Bitter Fruits of a Bitter Seed: Envy, Feminism, Maureen and Meghan
Posted on | January 8, 2012 | 66 Comments
HOLLIS, N.H.
Time constraints have improved my ability to ignore Maureen Dowd. Many months now often elapse between my ever bothering to notice anything she’s written. Today, however, Pete Da Tech Guy called my attention to Ms. Dowd’s unseemly assault on Rick Santorum’s family. And then Pete sat down and wrote a rather stunning contrast of the parallel lives of Ms. Dowd and Mrs. Santorum, for the benefit of Meghan McCain.
The feminists will never forgive Pete for this, of course.
It is my experience that feminists, when angry, revert to predictable arguments about the ignorance and prejudice of their critics. Yet when I recommend to them books written by women critical of the feminist belief system, these supposedly knowledgeable and open-minded women can never be bothered to read the books I recommend.
No feminist can ever concede that any critic could have a valid argument. Thus the starting point of the debate is that there can be no debate: The anti-feminist critic is simply presumed wrong, and all that needs be explained is why the critic is wrong. The Soviet “show trials” of the 1930s were less predictable than the arguments of feminists.
If ever feminists permitted doubt to penetrate their ironclad worldview, the whole ridiculous egalitarian house of cards would instantly collapse, and they would be left without an ideology to justify their folly. They should therefore be hated less than they are pitied.
UPDATE: It is unfortunate that some of my conservative friends, including Dan Collins (in the comments below) and Sissy Willis on Twitter, insist on attempting to rescue the term “feminism” from its deserved opprobrium.

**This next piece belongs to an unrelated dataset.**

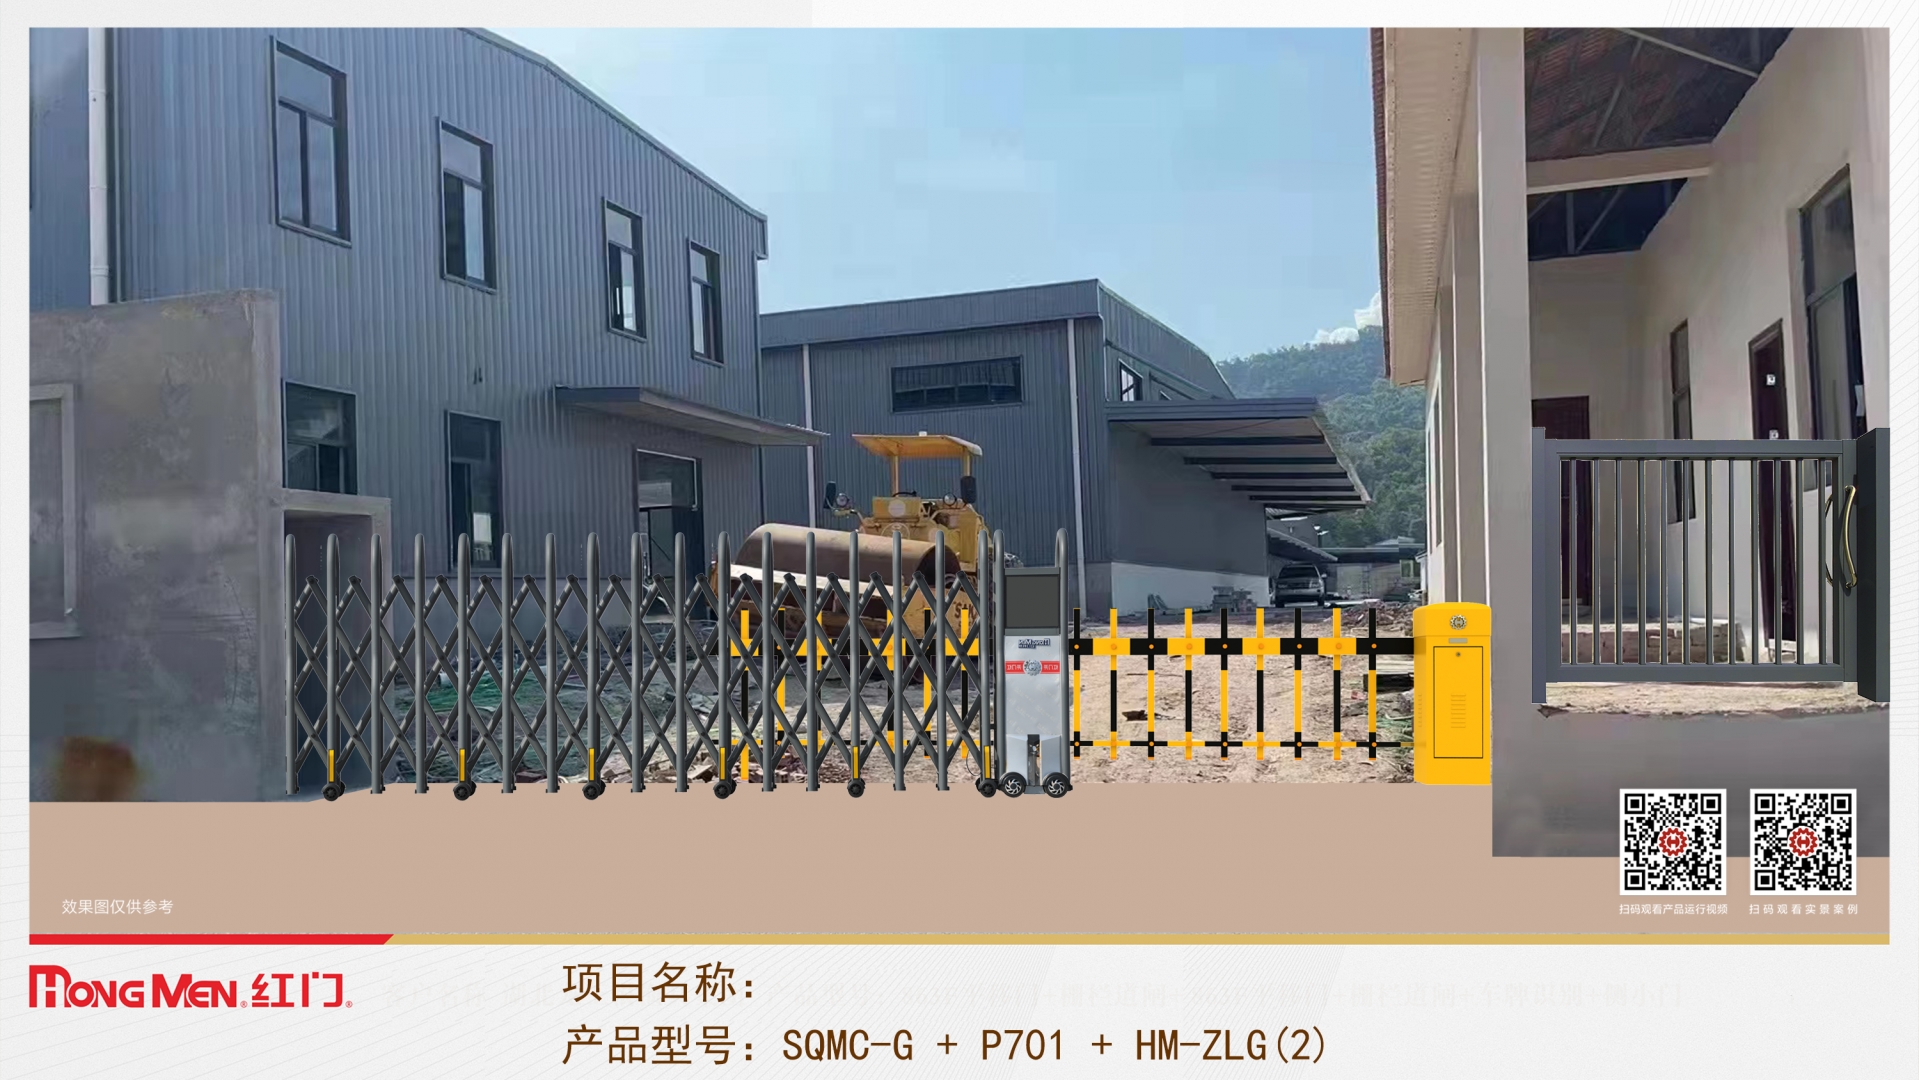 Có nên lắp đặt thêm barrier tự động tại cổng chính?

Here we return to Little Miss Attila’s frantic efforts to define a conservative feminism — an oxymoron — and above all I regret that, having wasted part of my day taking notice of Maureen Dowd, I must now briefly reiterate an argument that all honest and intelligent people would concede I had already decisively won.
The originators and leading advocates of feminism have always seen themselves, and properly so, as part of the Progressive Left. Feminists have therefore contested any and all attempts by conservatives to co-opt and redefine the term “feminism” as something compatible with conservatism. Yet there are many soi-disant conservatives who, desirous of seeming fashionably modern and perhaps insufficiently knowledgeable of feminism’s leftist origins, persist in claiming that conservatives who reject feminism — as all actual conservative do — are guilty of throwing out the good feminist baby with the bad feminist bathwater. (Of course, true feminists would insist that the baby must be aborted, lest womyn be compelled to submit to the institution of partiarchal oppression known as “motherhood.”)
Conservatives who defend feminism are not merely wasting their own time, but wasting the time of those of us who are required to leave aside useful work in order to refute their misguided arguments. It’s as if free-market economists should be compelled to waste their time arguing with conservatives who claim that Keynesianism is not entirely bad. And I am weary of trying to talk sense to these peddlers of “conservative feminism” nonsense. My first extended iteration of this argument was in a November 2008 column about the hateful fury of gay-rights activists that accompanied the Proposition 8 controversy in California:
The gay rage in California can be traced directly to the Supreme Court’s 2003 Lawrence v. Texas decision, which voided a Texas sodomy law because, as Justice Anthony Kennedy declared, “our laws and traditions in the past half century…show an emerging awareness that liberty gives substantial protection to adult persons in deciding how to conduct their private lives in matters pertaining to sex.”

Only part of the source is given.